The rest of the selections are much more recent. A voice-over expresses the desire to escape the straitjacket of rules, conformity and overproduced formulas, and the work shows progress toward that goal. Sometimes, it looks like cheerleading without acrobatics, sweetly bland, and Al Crawford’s corny lighting doesn’t help. Even when the dancers are hitting the floor with sticks and supported by a giant lambeg drum, the effect is earnest but underpowered. Yet some of the experimentation has promise.

Best in this sense is “Communion,” which Howard made with Sandy Silva in 2014. The dancers are barefoot, crossing Irish dance with body percussion like that of African American stepping. Here, although I missed the bass — the bottom, the weight — a softness in the approach felt fresh, and the mixing produced some beautiful new spiraling steps, reaching toward a different mood, a different grace.

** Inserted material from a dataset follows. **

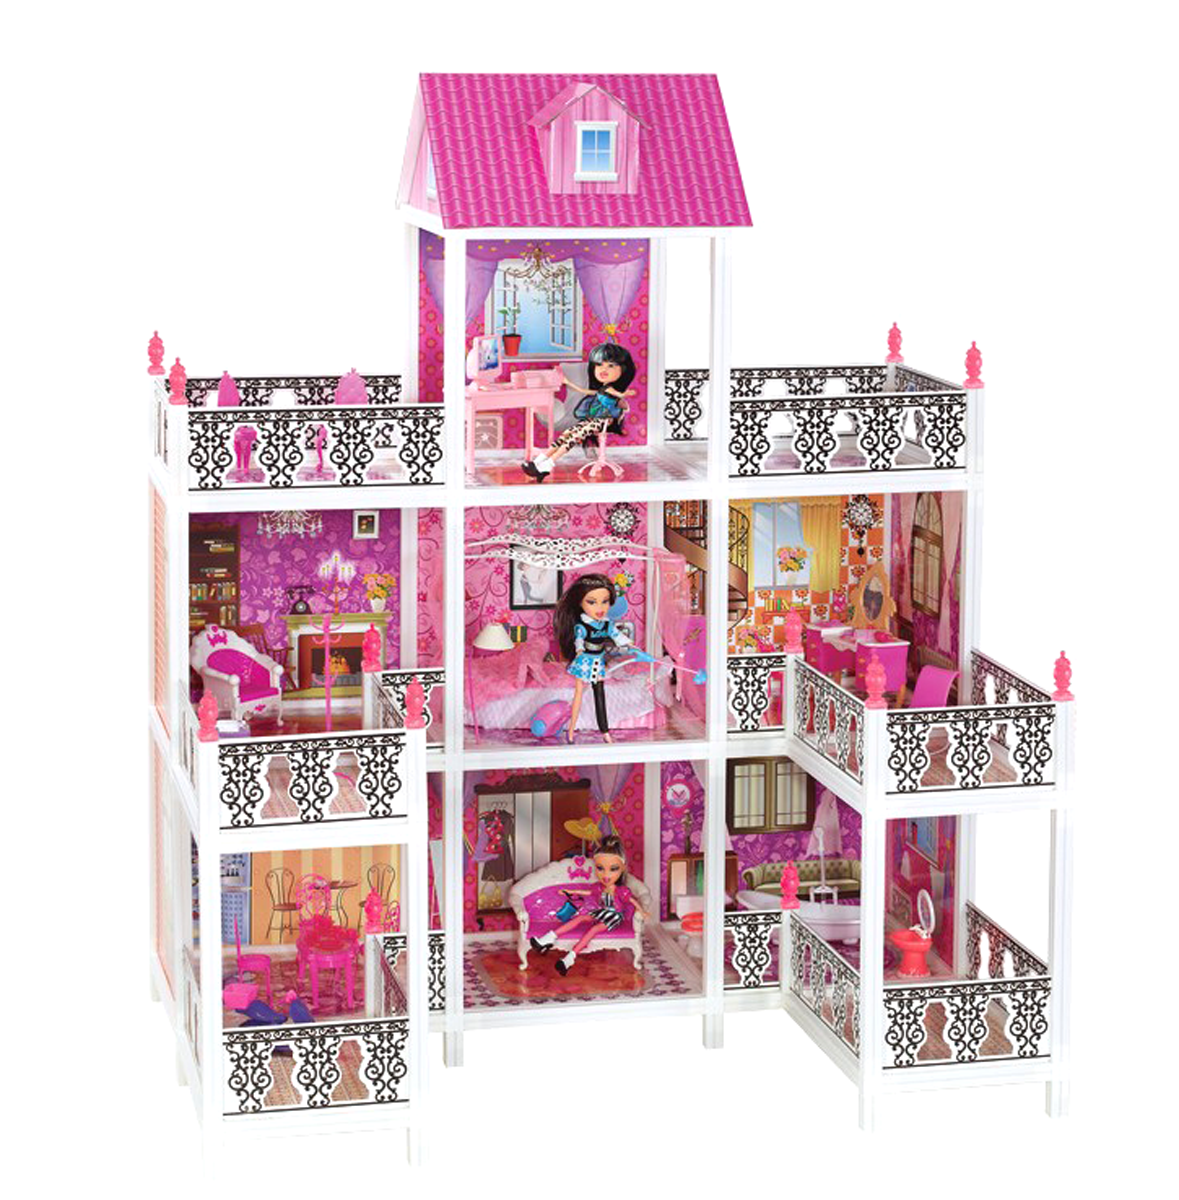 Paremo 3-этажный кукольный дом с 7 комнатами, мебелью и 3 куклами ppcd116-08

The show doesn’t stint on traditional pleasures. The band leans toward generic classic rock, but an unamplified folk-based song by O’Shea is a treat, and fiddler Jake James gets the place rocking in the old way. A duet between James and champion dancer Ali Doughty is curious. As the two virtuosos accelerate, she keeps darting on and offstage like a coy fairy; it’s cute but not conducive to musical conversation. After she leaves for good, James comically demonstrates that he can dance, too.

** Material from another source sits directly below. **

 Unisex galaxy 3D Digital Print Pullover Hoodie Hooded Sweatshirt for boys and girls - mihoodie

The prowess of the rest of the Trinity dancers is never in question. In “Push,” an exciting series of solos, they show how they push technique: multiplying in-the-air heel clicks to sound like the break at the start of a pool game. But “American Traffic,” by tap-dance choreographers Michelle Dorrance and Melinda Sullivan, ends up exposing limitations.

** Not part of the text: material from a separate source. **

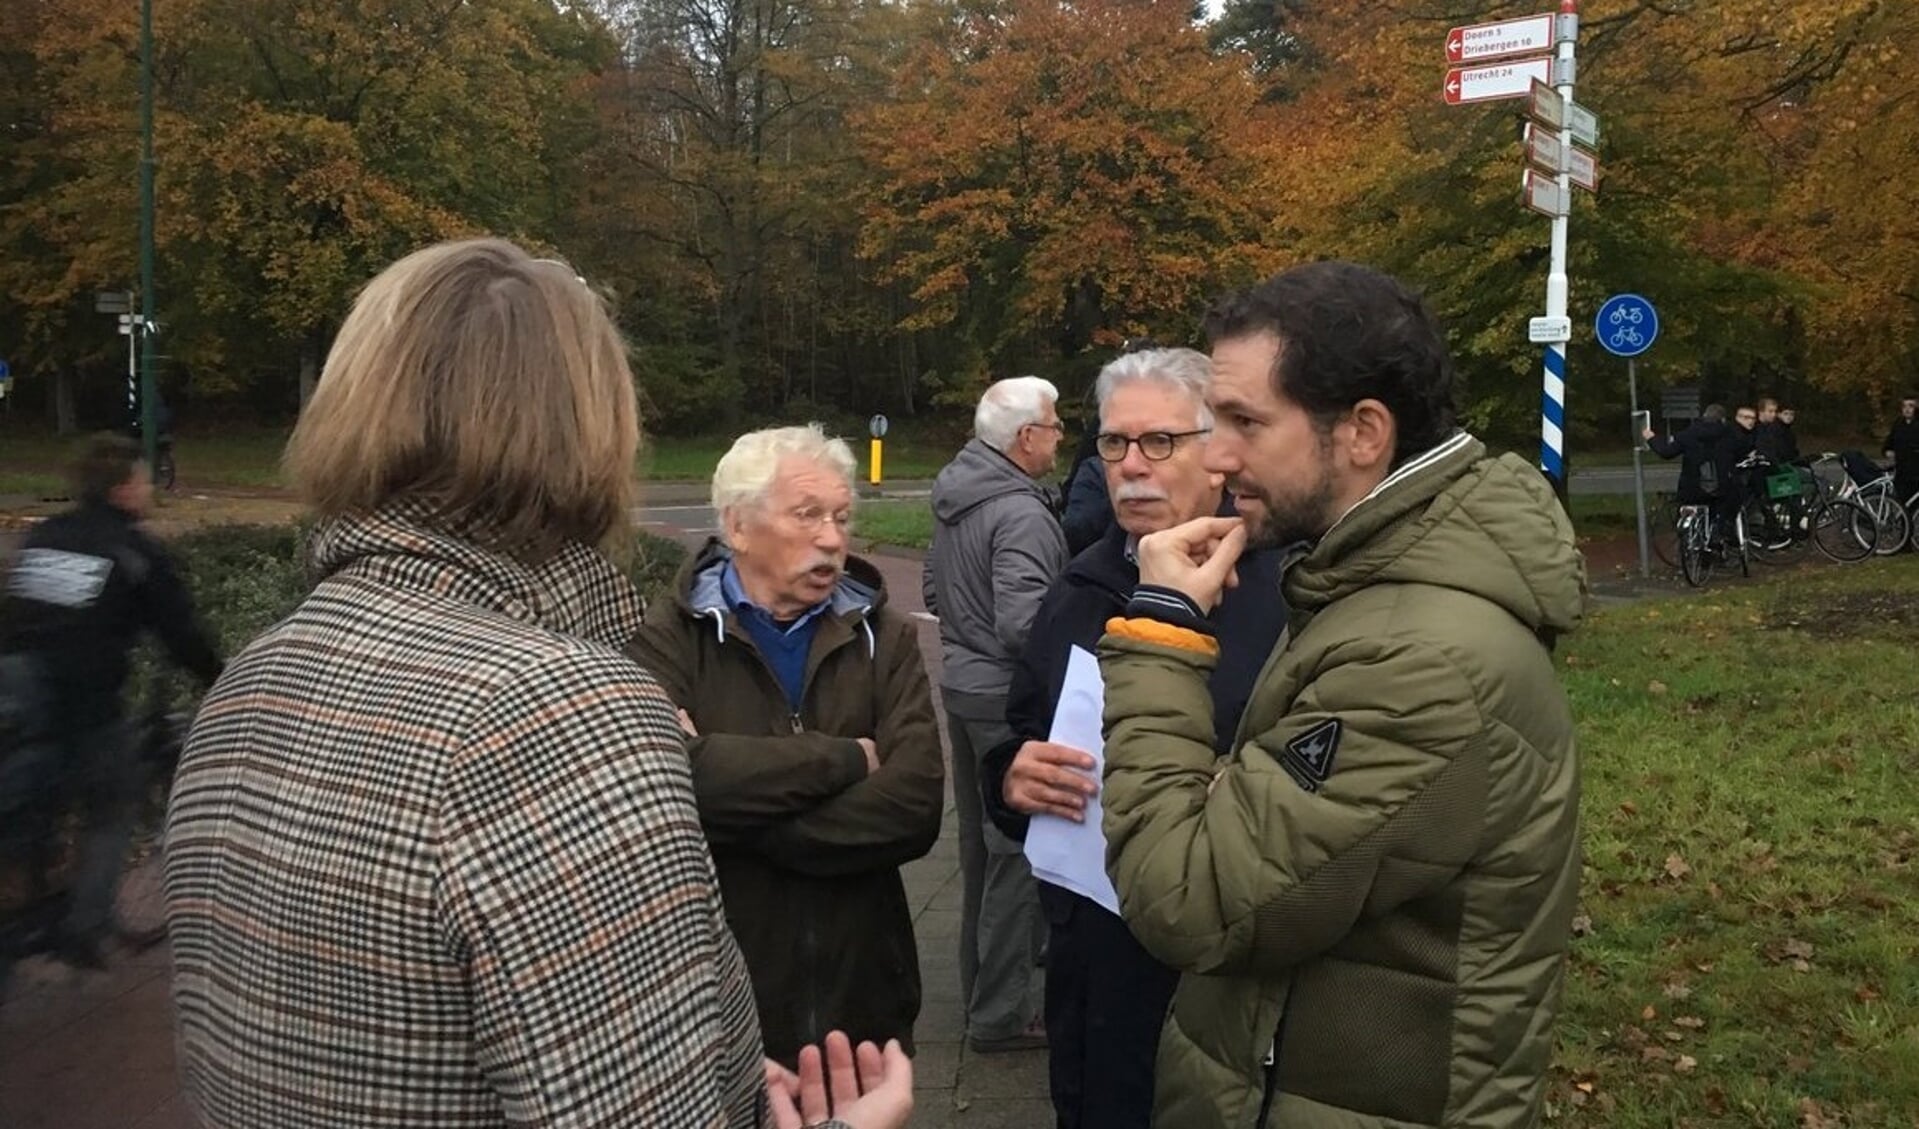 Karin Oyevaar (gemeenteraad), Stef Le Large de Vilvent (omwonende) en Teun Monster (werkgroep) in gesprek met gedeputeerde Arne Schaddelee (rechts).

Typically for Dorrance, the piece begins and ends by isolating the motions of sound production, the shapes made when striking the floor. In this case, the method applies a jeweler’s loupe to one of the foundational glories of Irish dance: the tight crossing of turned-out legs. The middle of the work, though, mixing Irish with tap, magnifies what’s missing. The tap vocabulary establishes that the dancers have functioning hip joints, but they can’t sit into the grooves. They have the rhythmic acuity to walk around clapping in counterpoint or do time steps in canon but not a tap dancer’s charisma and cool.

You can see the same problem in the bows, when the happy dancers try to cut loose under a disco ball. The straitjacket is still on.



Trinity Irish Dance Company

Through Sunday at the Joyce Theater; joyce.org.